I looked out the window, saw the biggest cow of my life, actually a
buffalo, and then, bump bump bump, we pressed on. A road block.
Police? No, a train crossing, and we continued and then a man casually
rode by going the other way on an elephant. I turn back, and unfazed,
Bombay continues about crop circles being invitations for reptilian
extraterrestrials to return... back to the window and three monkeys
sit on the side of the road and I realize that I really am in another
part of the world, not just China this time. We stopped again, a man
with mangos for sale boarded the bus and I finally caught a glimpse of
the full moon overhead. The tides have changed. Two days of travelling
and I finally met Avani's director, who I was volunteering for, he
gave me a big friendly bearded grin, and I set off for Tripuradevi,
the small town of Avani's headquarters, as I peered out the window for
nearby rocks to climb on and ate Indian chow mein and drank the ginger
and green tea over-sugared chai that I have become accustomed to by
now. This place set me up with a room, but no key, so they sawed off
the lock, a fine lunch of lentils and rhoti (Hindi bread) and a calm
afternon tour of the facilities with a stop at the neary store for a
SIM here, requiring extensive paperwork, passport copies,
signatures... and a picture! The next day I walked to Berinag, the
nearby town of population 10,000, for honey to combat local allergies,
rolled my ankle again, and continued my pursuit of Hindi vocabulary. I
saw the pine needle gasifier in action the next day and noted that
while I known next to nothing about gas-powered generators, I know
even less about the gasification process and equipment, but I asked
and drew and intend to find answers somewhere (one of the numerous
softback engineering books around here?).
Finally, I took a two hour jeep ride down what have proven to be some
of the worst PAVEN roads I've seen to Dharamghar, another village
Avani center, where I witnessed their first collection of oak tussar
silk worms in their coccoons.
After all this excitement, I still decided to run off to Delhi, taking
the 9 hr jeep ride followed by 9 hours train into a crazy city of
honking cars. Two nights was enough, and after the train back and only
4 hrs on a bus, I attempted to bike the rest of the way. One night up
on a hill and the next day I couldnt move my legs, so when I reached
the bottom of the valley, I hopped in a jeep. Now, I am actually back
at Tripuradevi, hoping that this will get sent through the internet,
repeatedly interrupted at the one moment in which I finally got
internet for two seconds.

Friday, September 12, 2008

Karakorum High

Crossed into Pakistan without any problems or rock slides or snow leopard attacks, I sighed for relief and finally cracked someone else's Lonely Planet to figure out what this country offered a man just travelling through. We all went to Passu, a nearby town surrounded by glaciers and peaks, and I slowly realized that Pakistan's Northern Areas were my paradise.

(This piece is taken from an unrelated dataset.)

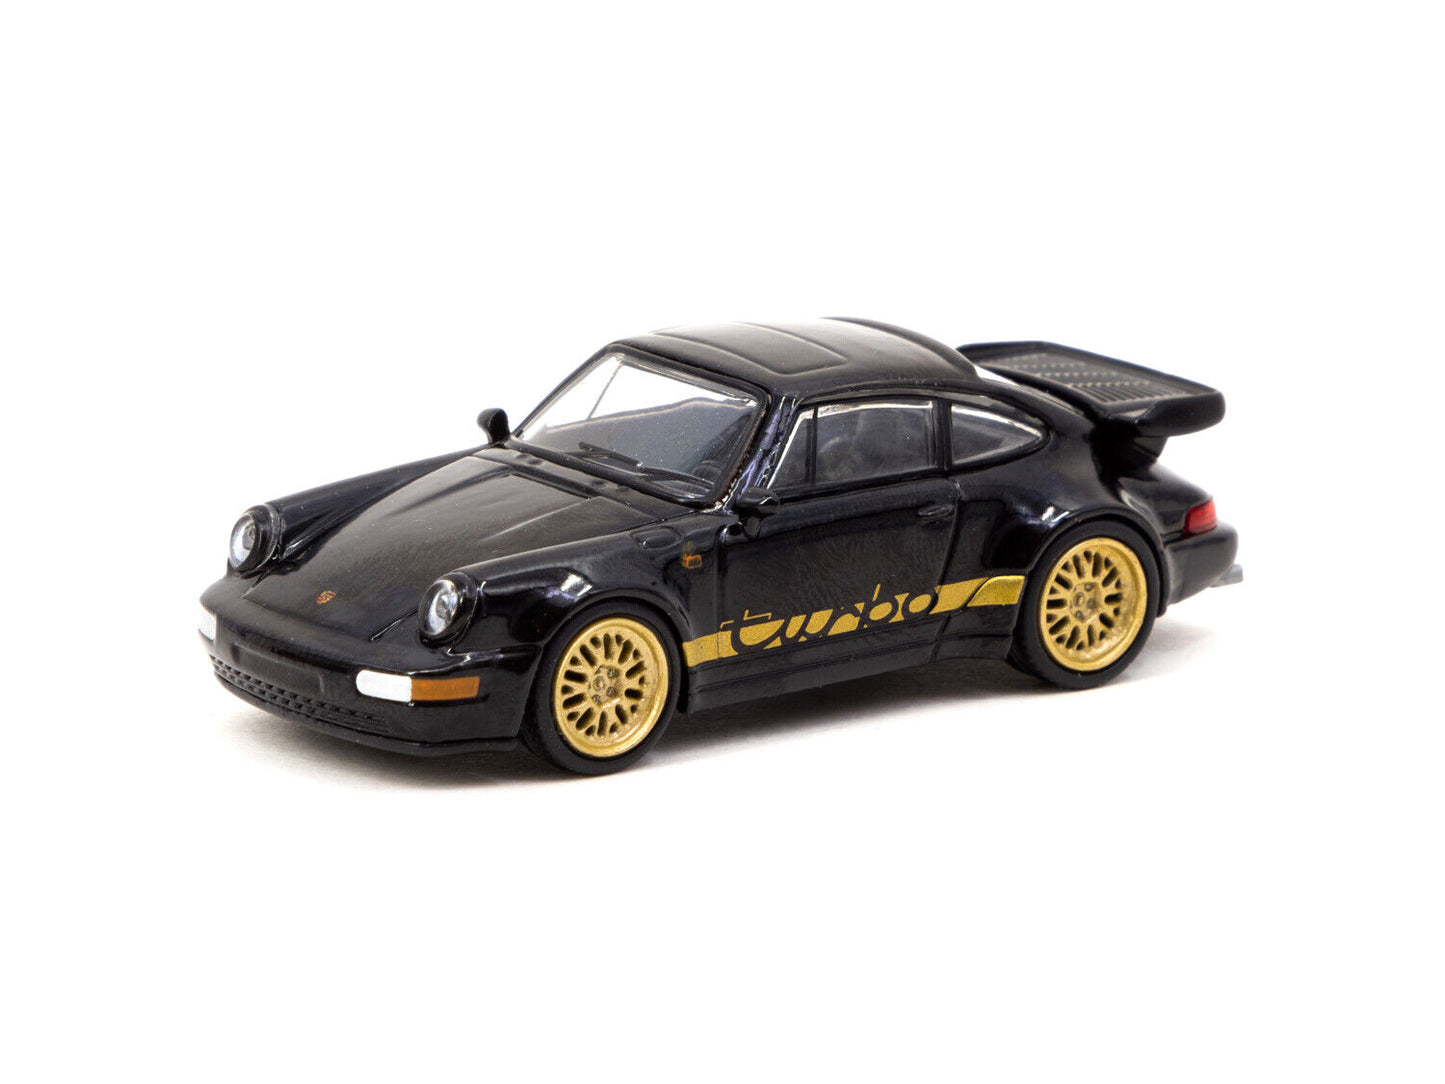 Schuco Tarmac Works Collab64 Porsche 911 Turbo Black 1:64

I cursed myself for only getting a fifteen day visa but commended my purchase of two trekking poles back in Urumqi. I slept outside our first night, set up my poncho/tarp tent to try out the cold, drank tea with a kind fellow who offered me a job teaching English right there surrounded by mountains, and the next day headed off to see the famous foot bridges nearby. Scary enough under normal circumstances, these bridges were particularly frightening when crossed toting a 30 lbs bag, but I made it across the first one, got lost on the other side of the river, and eventually made it back across, one foot slipping off a plank to make me really feel like Indiana Jones.

Passu Bridge East, originally uploaded by wanders.
I trekked through town and then up to the Balthus Lake where I finally got some cookies for breakfast. As I came down the hill from the lake and its view of nearby glaciers, a bus pulled up. I ran down the hill, threw my bag up and hopped ontop of the bus, as instructed, to hold my pack down. I couldn't really ask for a better introduction to the mountains than a bus-roof-top ride along the windy Karakorum Highway, which was spotted with Chinese workers - rumor has it the highway will be expanded to four lanes in the next three years to further allow trade between the two countries.
I made it Karimabad, suggested by a German trekker, and I strolled through the town after dropping my bag at the Hunza Inn. The Hunza is another group of people in an area smattered with different folks with their various languages and traditions - they had an amazing pastry cake with walnuts that tasted almost like pecan pie. I met my German friend again and signed up for a day hike up to the Ultar Meadow and to the Hon Pass, at 4300 meters. We got up at 6:30, ate a delicious omelet each, and set off on our 1900 meter ascent for the day, with my bold self toting nearly everything I own, save my blue corduroy jacket from Beijing, in an attempt to "condition" myself for future treks. We made it, munched on some cookies and tuna fish, and I tried front handsprings on my trekking poles that a Canon point-and-shoot was too slow to capture. I stayed at the Meadow to acclimate to the altitude, and was invited to stay at the hut there, which had a bit warmer floor than my sleeping pad. The fellow who offered me tea said that a Japanese alpinist had died a few years earlier attempting to reach the Ultar Peak, and afterwards his wife established a school there for the locals, which partly explained the surprisingly high number of Japanese signs and tourists in Karimibad.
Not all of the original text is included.